Recorded information:

BEGIN

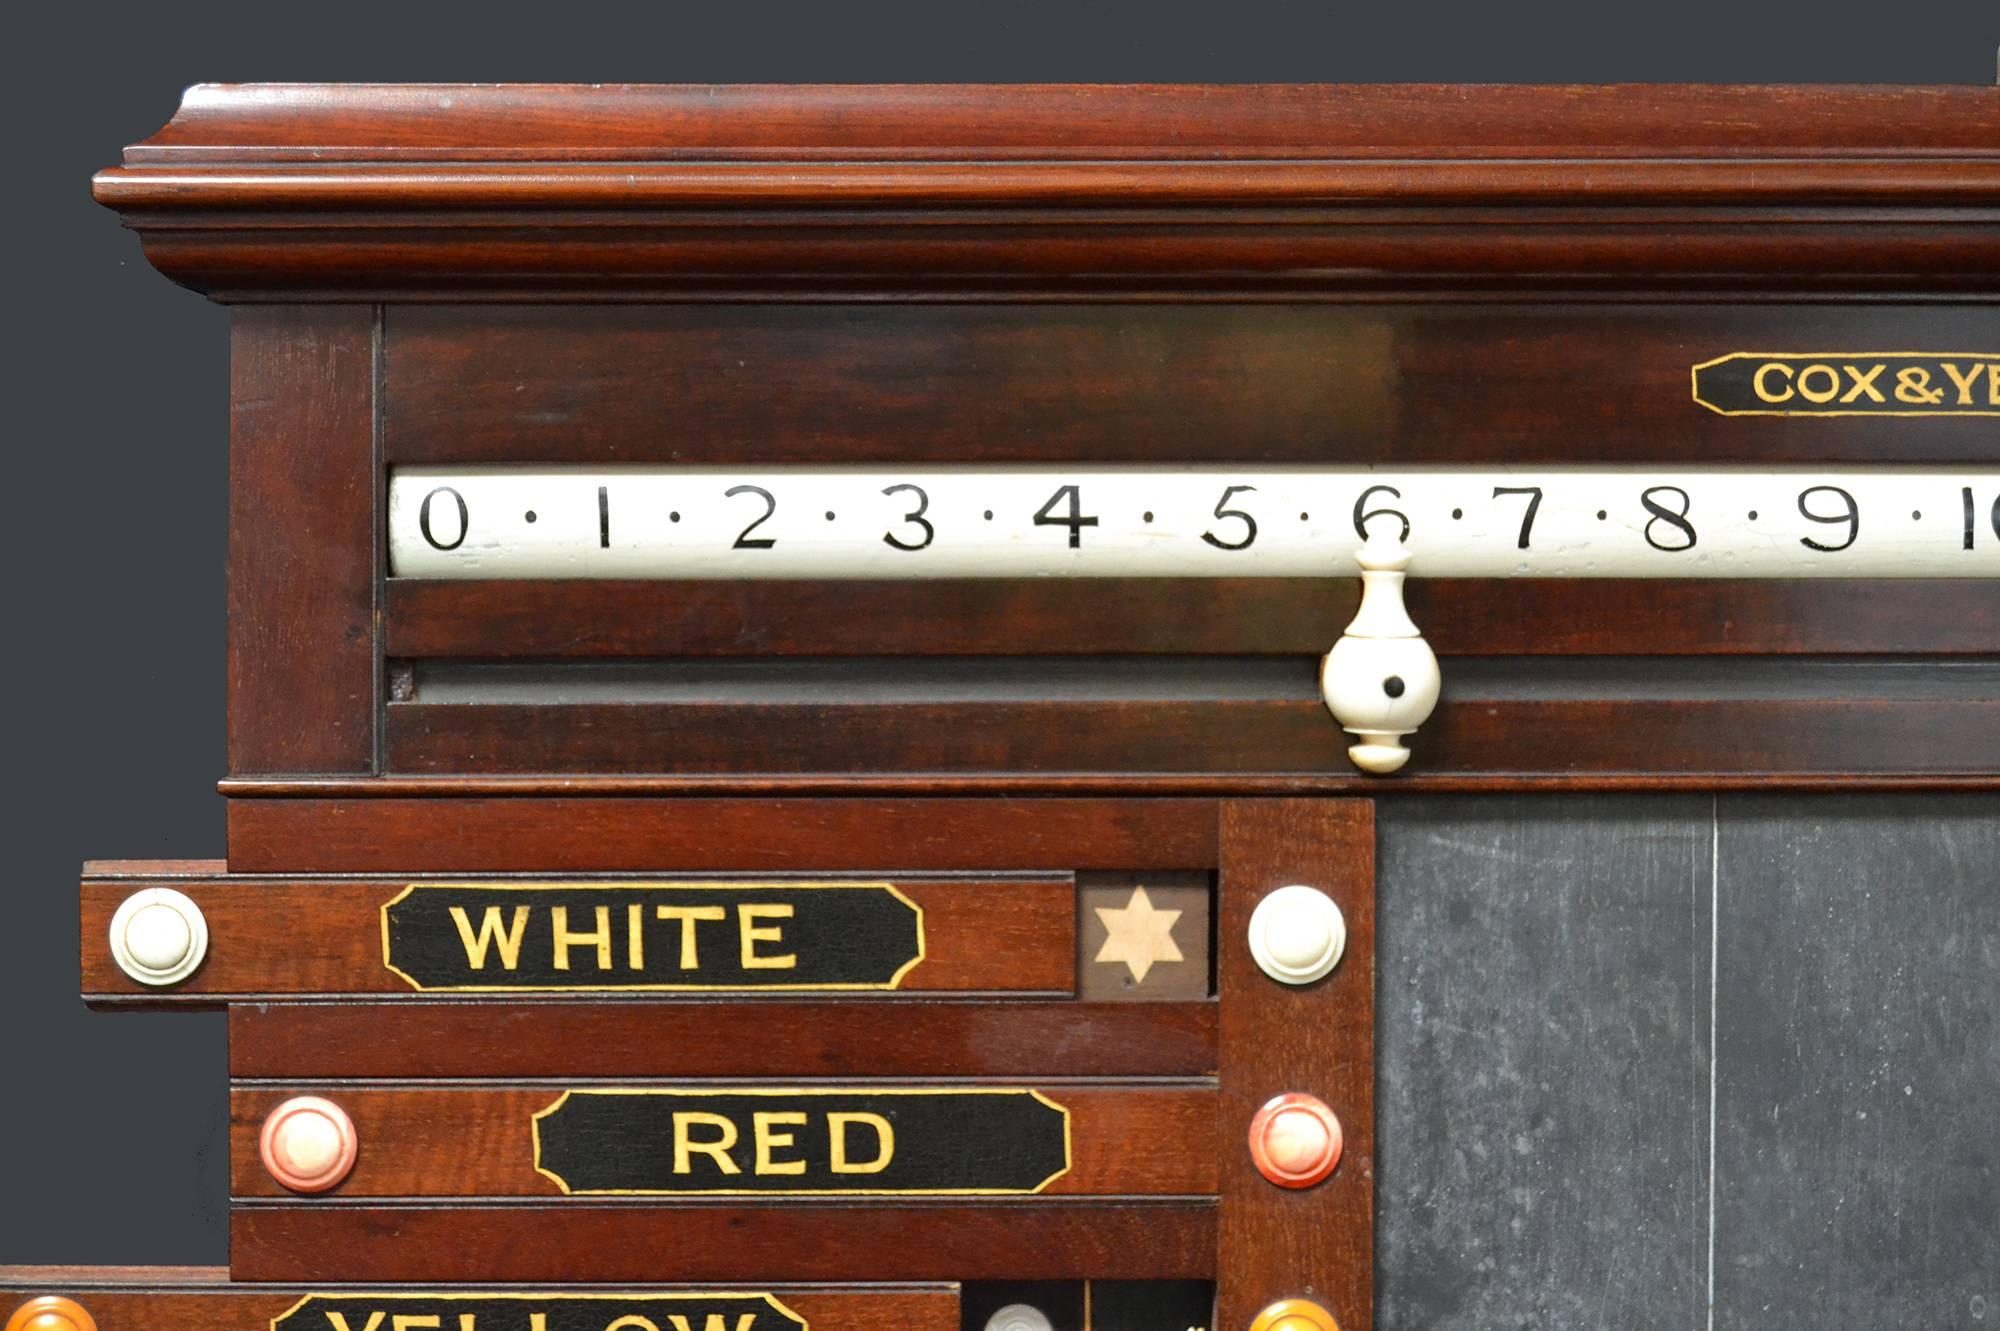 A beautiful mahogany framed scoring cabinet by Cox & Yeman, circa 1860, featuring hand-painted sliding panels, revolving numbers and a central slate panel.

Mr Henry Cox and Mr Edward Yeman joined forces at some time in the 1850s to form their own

END
BEGIN

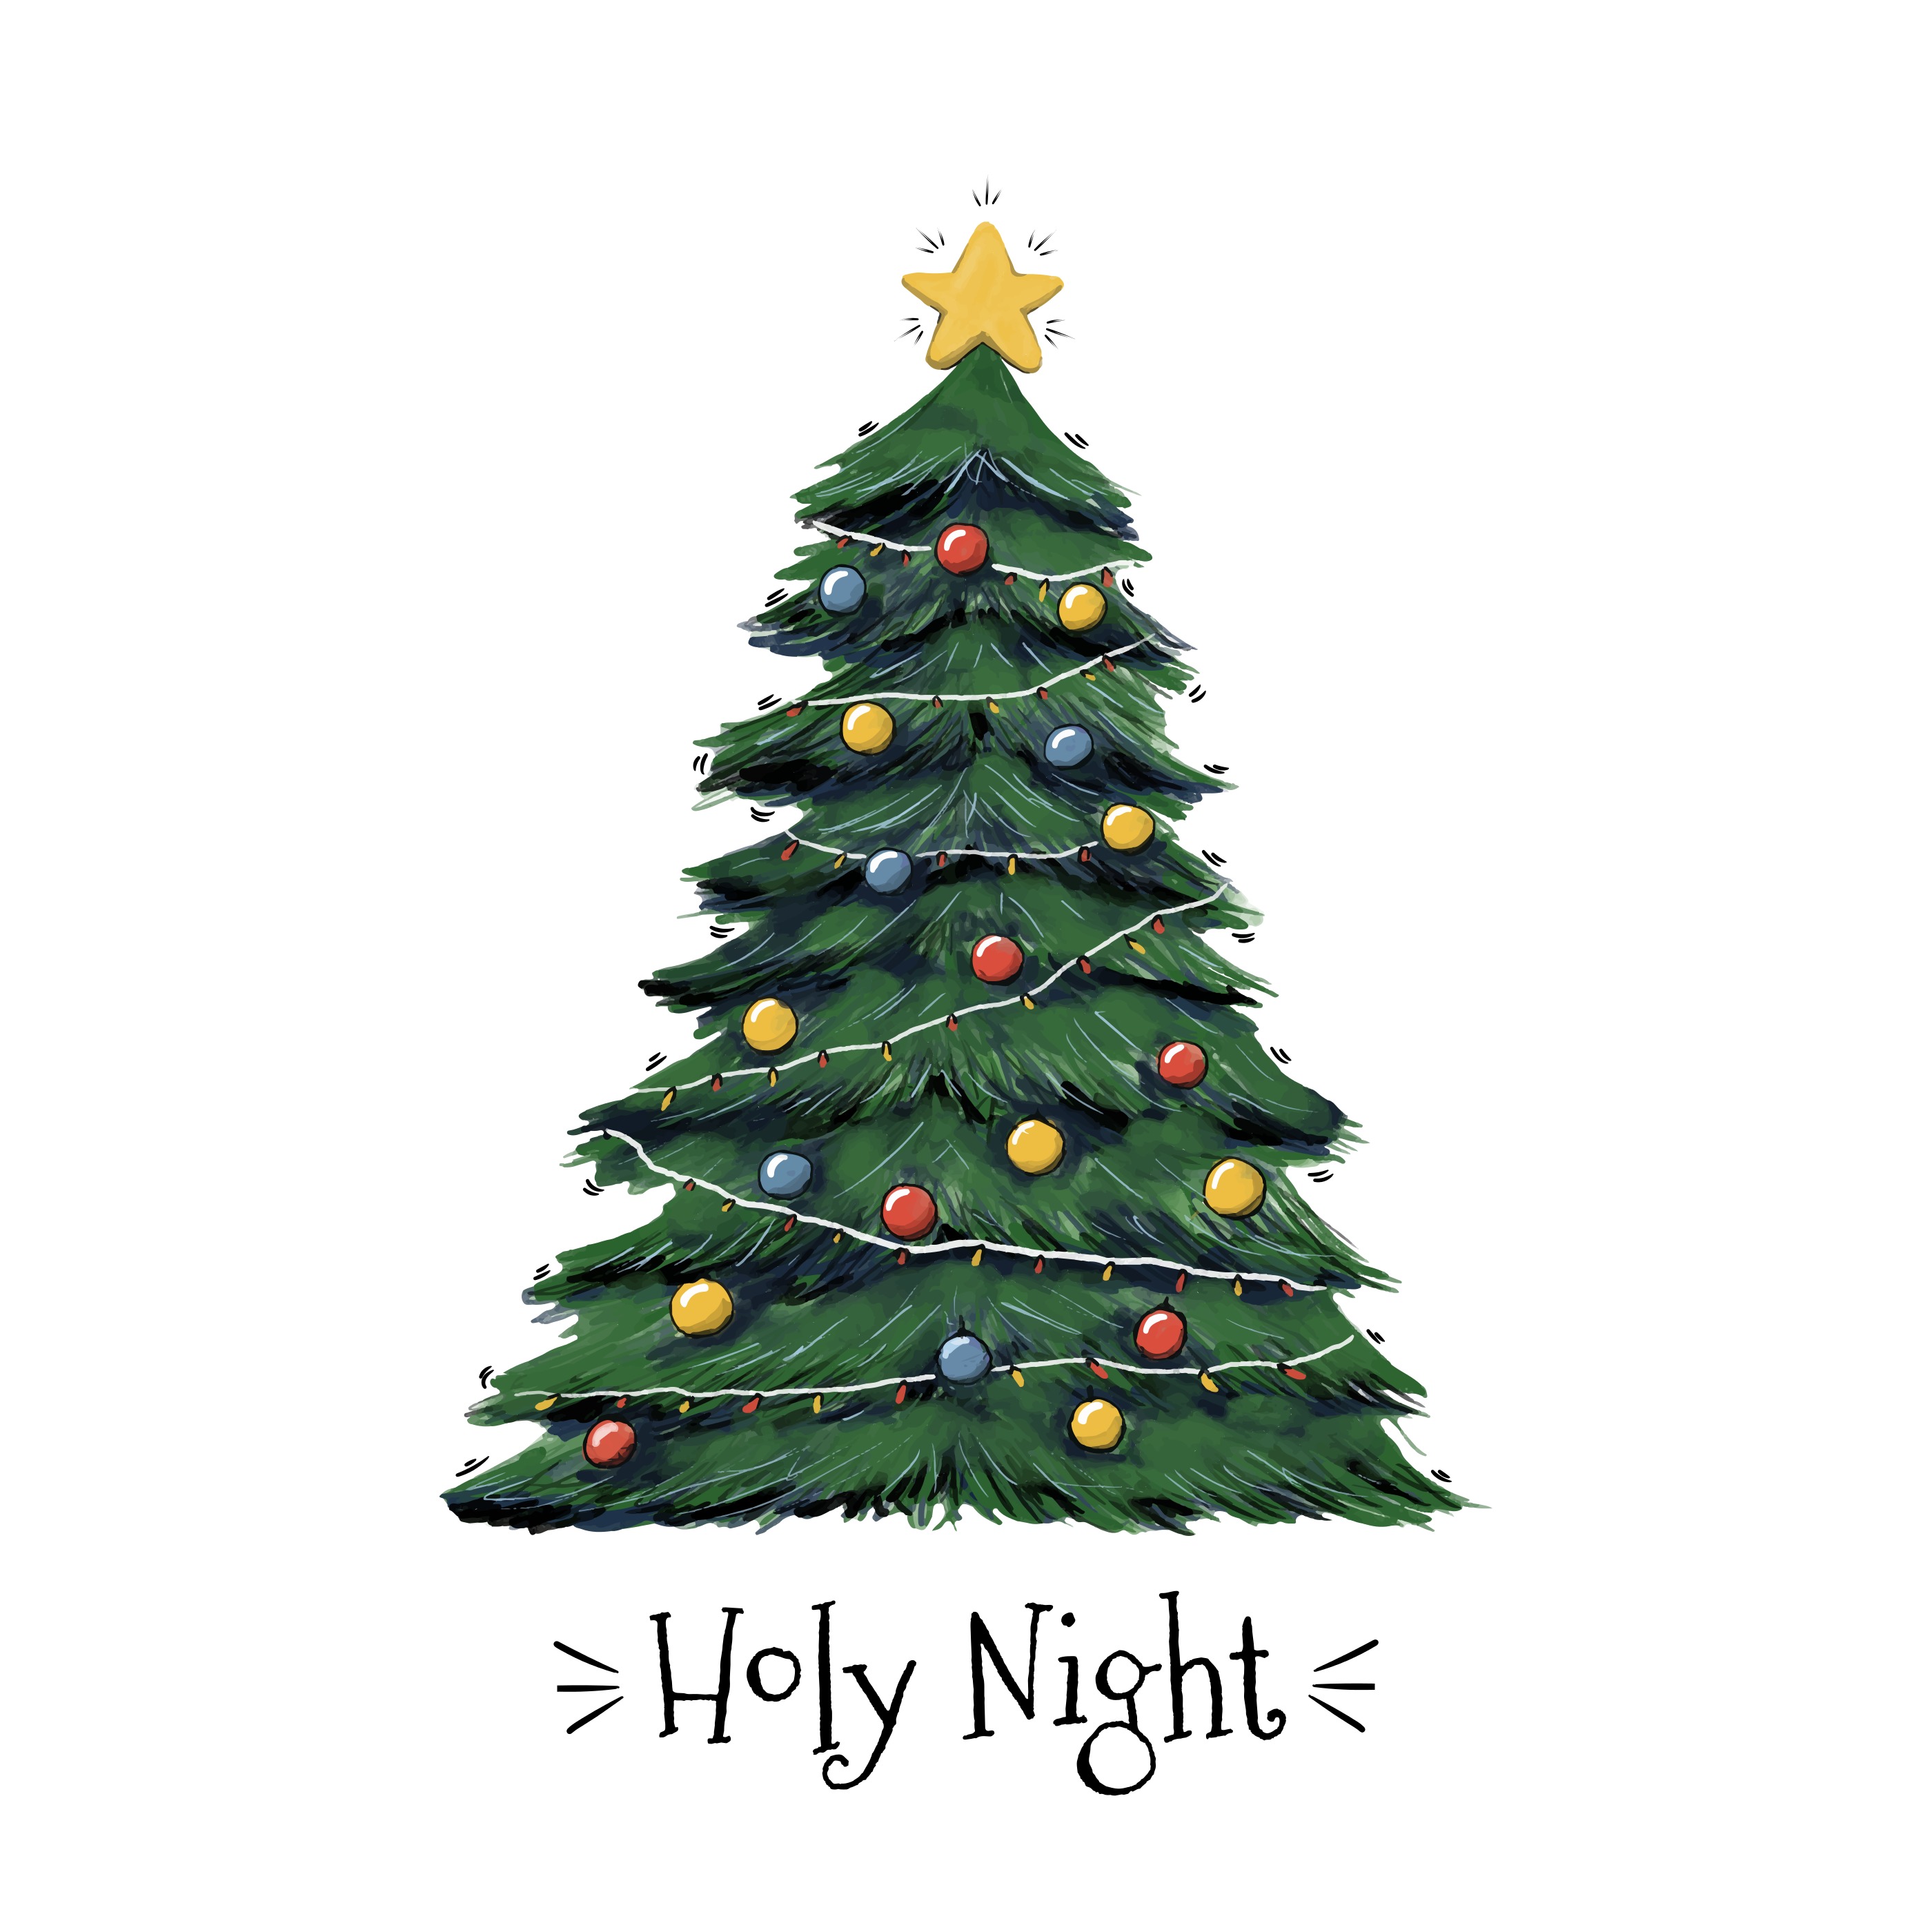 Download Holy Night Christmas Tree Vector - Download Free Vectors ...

END
BEGIN

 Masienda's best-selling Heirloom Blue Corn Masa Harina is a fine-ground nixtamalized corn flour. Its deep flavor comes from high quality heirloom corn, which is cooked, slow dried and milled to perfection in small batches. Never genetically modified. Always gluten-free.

END

Problem details: Give back exactly the lines above that run from the one with "A beautiful mahogany" to the one with "Mr Henry Cox", including both, with the pictures left out.

Reply to the task:
 A beautiful mahogany framed scoring cabinet by Cox & Yeman, circa 1860, featuring hand-painted sliding panels, revolving numbers and a central slate panel.

Mr Henry Cox and Mr Edward Yeman joined forces at some time in the 1850s to form their own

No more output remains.